Would other pandemics be unimaginable?
I wouldn’t say unfounded, not impossible but I see it as improbable that every few years we have a situation like this. Covid-19 is a disease of respiratory transmission. If I had Covid and we were speaking side by side without face-masks, I could infect you during this interview. That does not happen with other very severe illnesses like Ebola, which is why there was no worldwide epidemic for the latter. It depends on the mechanism of transmission and the movement of people. In our culture nothing happening anywhere in the world can be alien to us.
Why is there still no vaccine against AIDS?
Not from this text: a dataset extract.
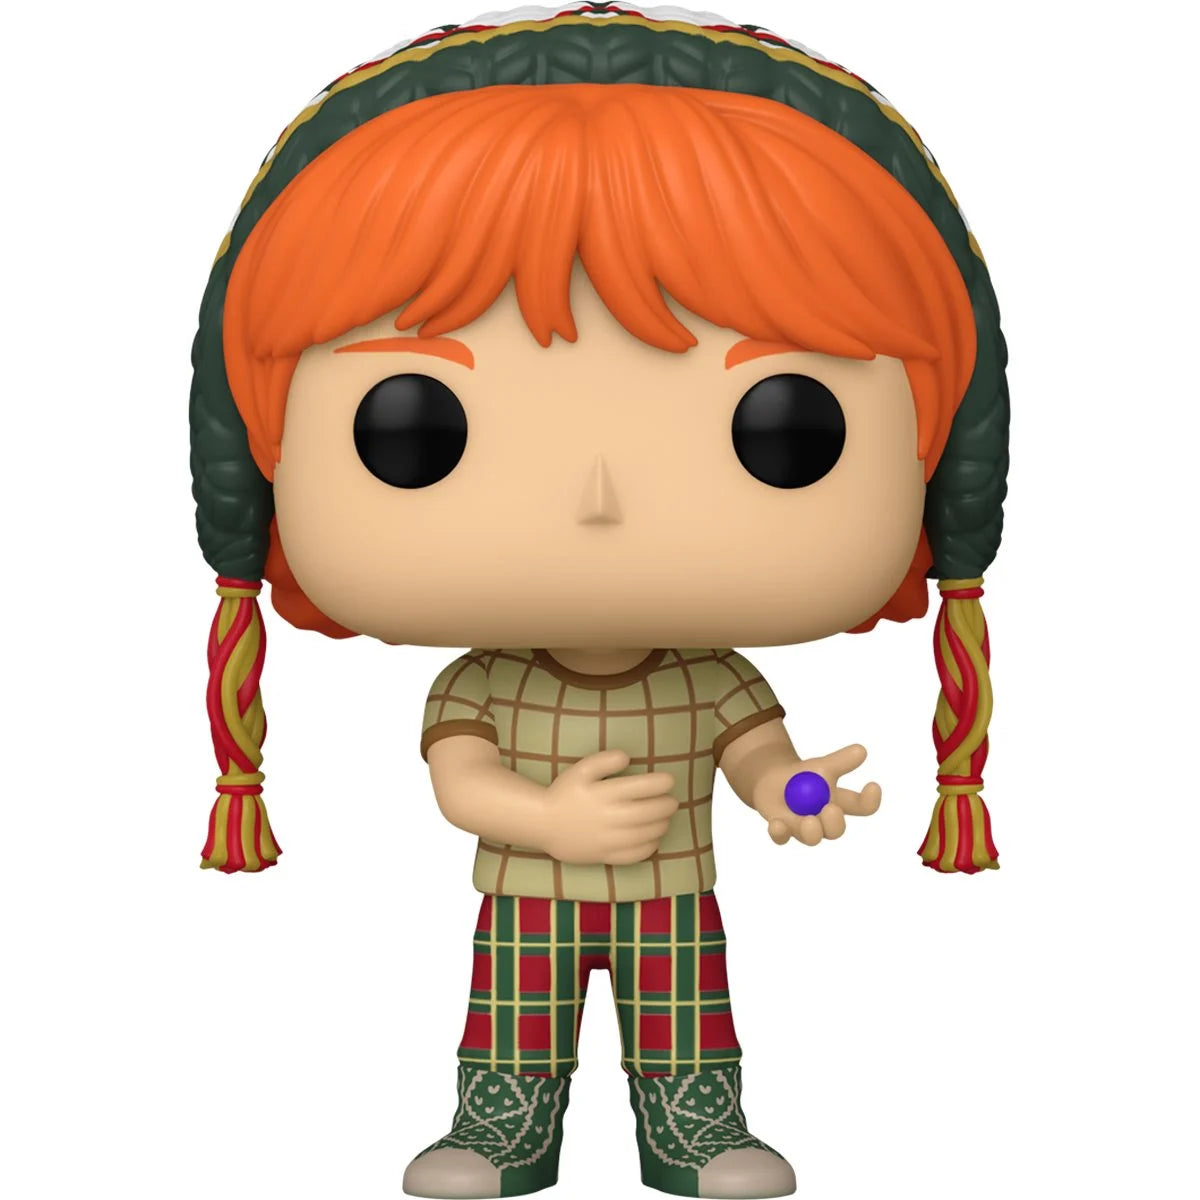 Harry Potter and the Prisoner of Azkaban Ron Weasley with Candy Funko Pop! Vinyl Figure #166 Funko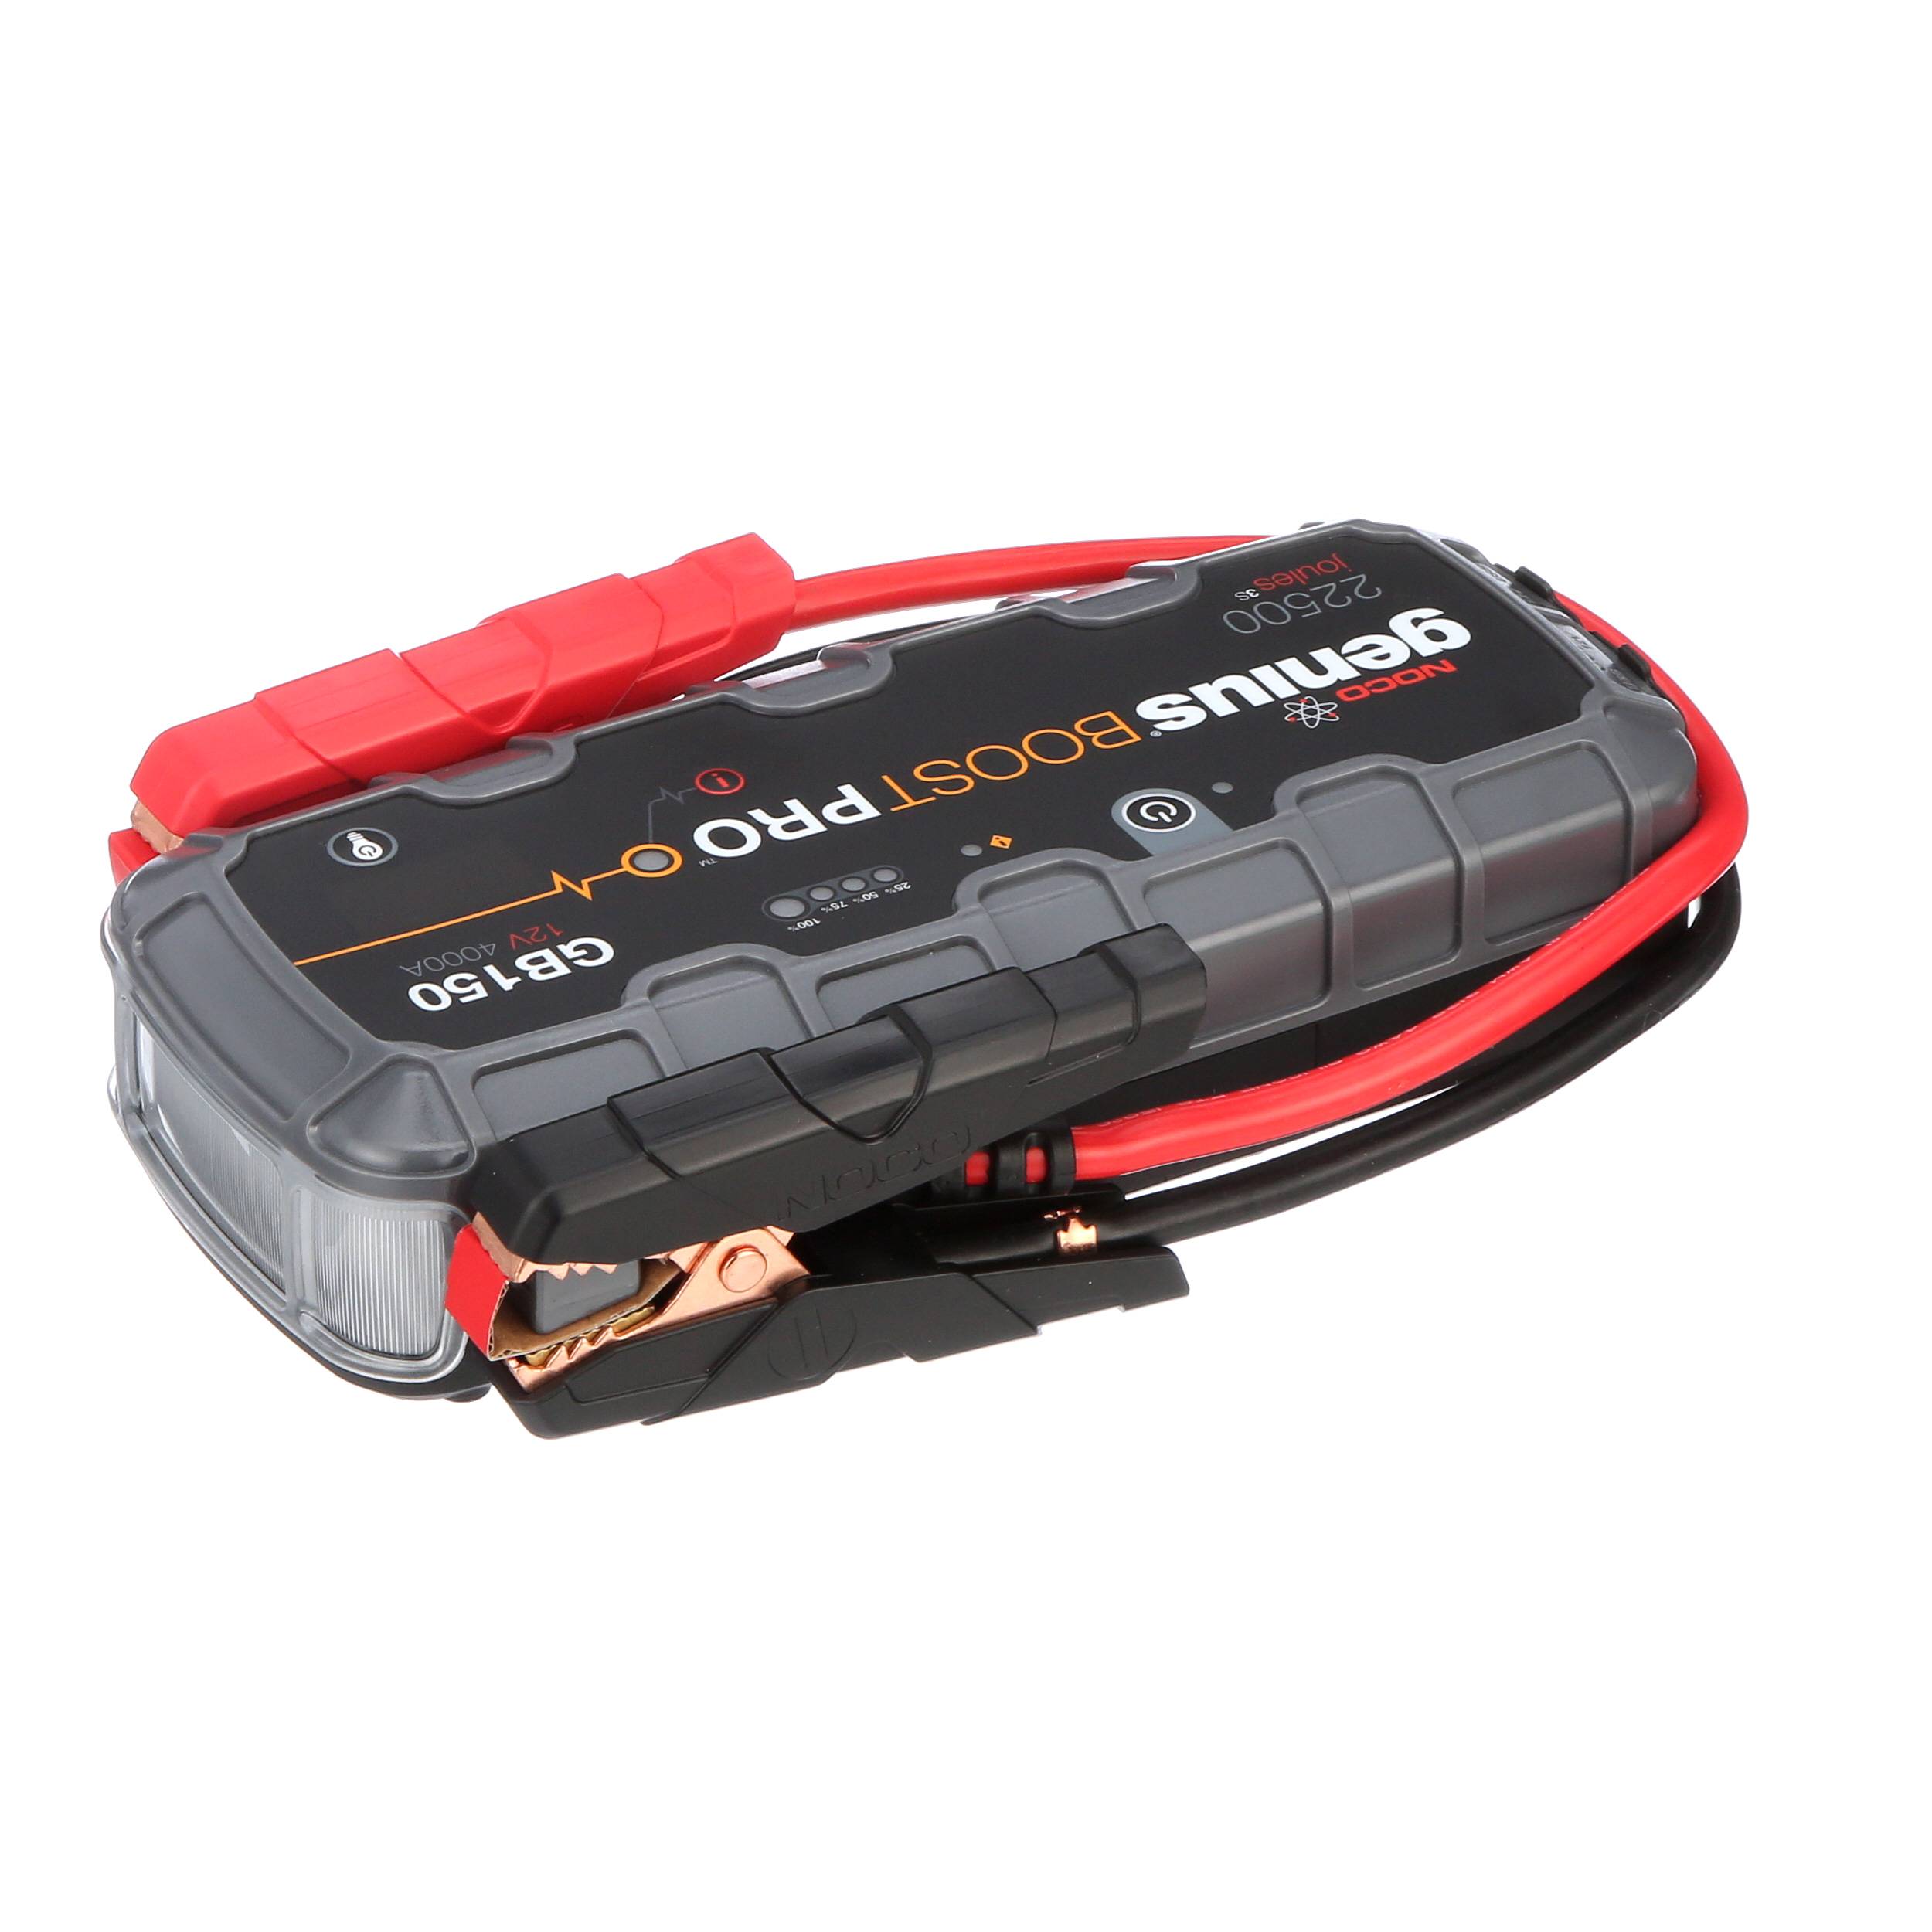 GB150 Noco BOOST PRO Battery Jump Starter - GoBatteries

That’s a different situation. Vaccines stimulate the immunological system but with AIDS it is the immune system which is under attack. That’s one of the reasons why it is so difficult to come up with a vaccine. The AIDS virus has an extraordinary capacity to mutate. Will we find something? I hope so.
Did you have any intuition that there was going to be a major public health problem when you decided to dedicate yourself to infectology?
I would be lying if I said I was capable of forecasting the AIDS and Covid-19 pandemics. I chose to specialise in infectology because it is very linked to the social and the only specialty where you fight living enemies – bacteria, parasites, a virus or fungi which also have the capacity to adapt (as can be seen from their growing resistance to antibiotics). Poverty and epidemics feed each other.
You were a member of the Communist Party. How would you define yourself ideologically?
I dropped out of the Communist Party a long time ago, in 1987 or 1988, because I disagreed with many things. I saw that the ideals which led me to join were not matched by reality. Today I would say I was a progressive but I do not belong to any party. I’ve seldom voted for the winner, often for a loser. That’s part of the rules of democracy.
* – This interview was originally conducted for Spanish and has been translated and edited for clarity and length.